**TASK DIRECTIONS**
The reply should hold every line of the data below, unchanged, and none of the pictures.

**DATASET CONTENT**
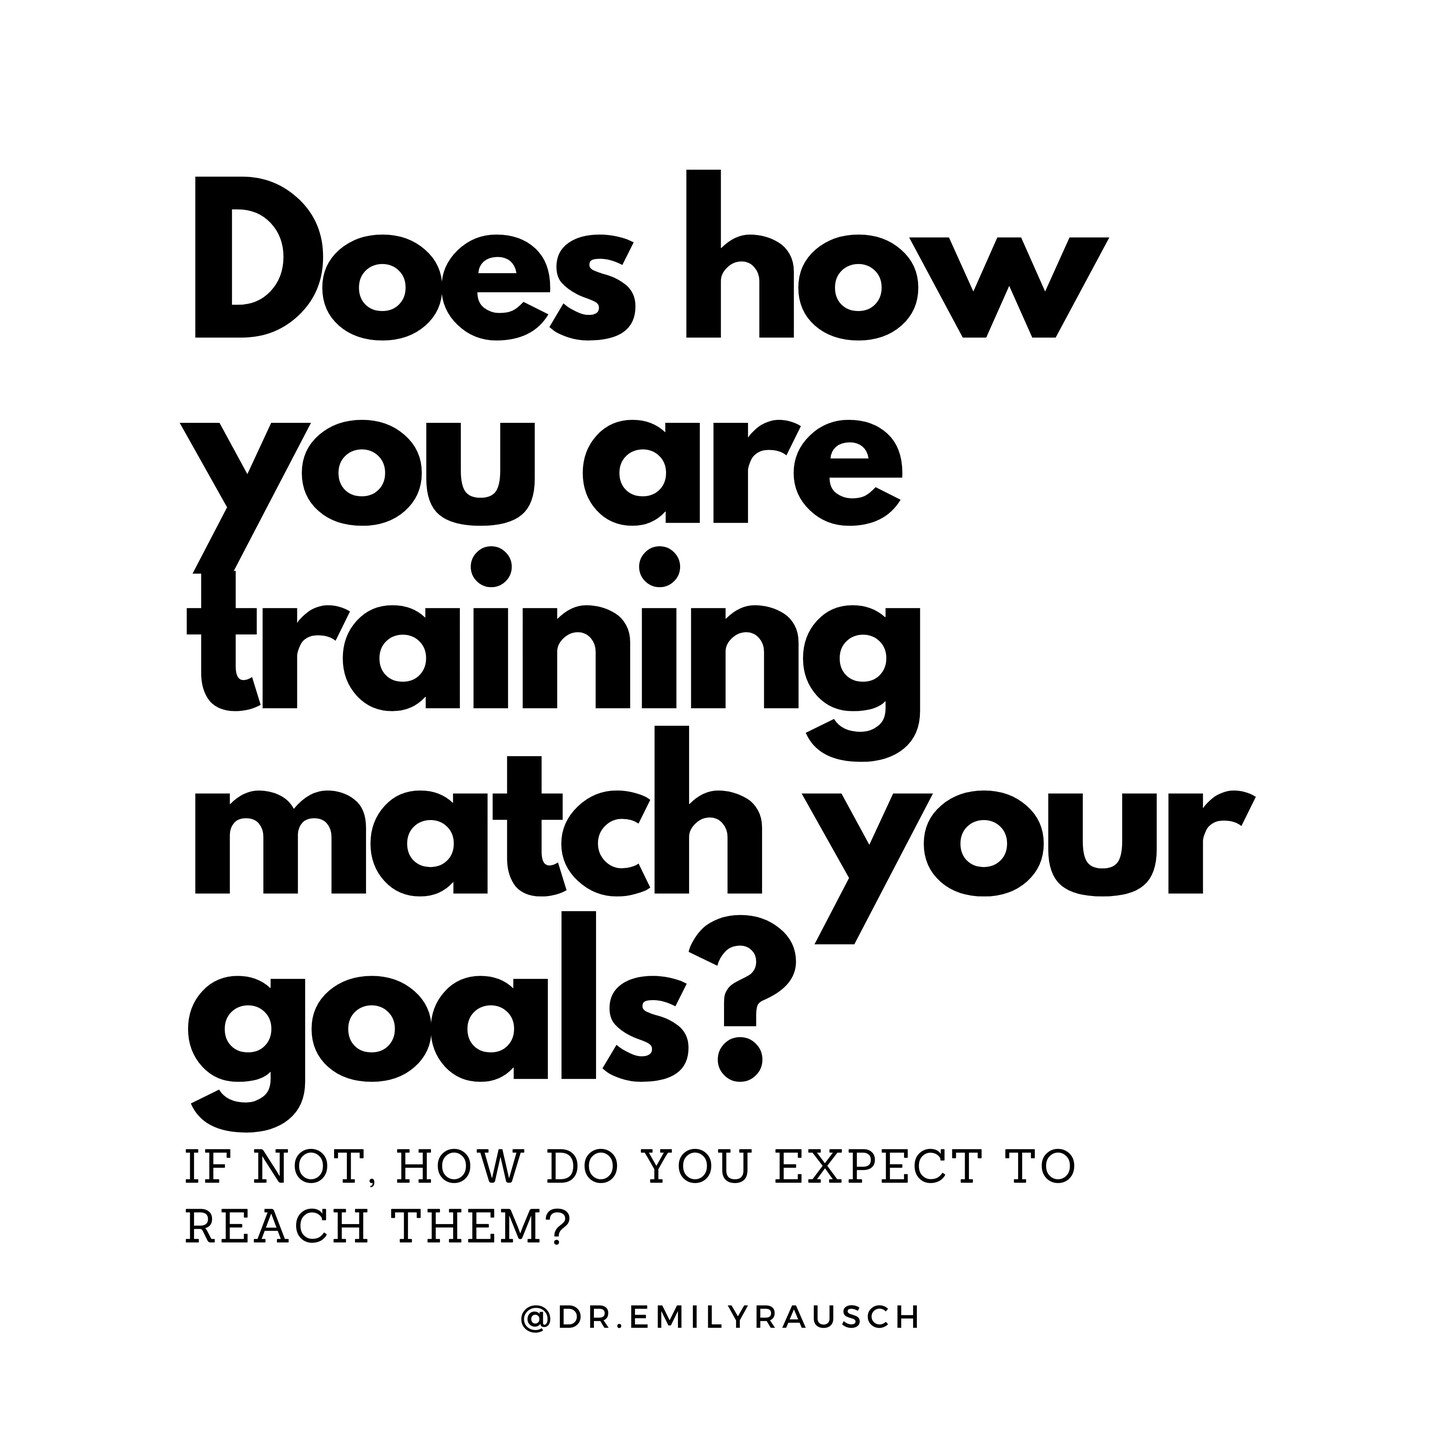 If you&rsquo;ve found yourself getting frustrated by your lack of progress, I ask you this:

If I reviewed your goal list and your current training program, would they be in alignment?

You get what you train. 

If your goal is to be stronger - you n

**EXERCISE OUTPUT**
 If you&rsquo;ve found yourself getting frustrated by your lack of progress, I ask you this:

If I reviewed your goal list and your current training program, would they be in alignment?

You get what you train. 

If your goal is to be stronger - you n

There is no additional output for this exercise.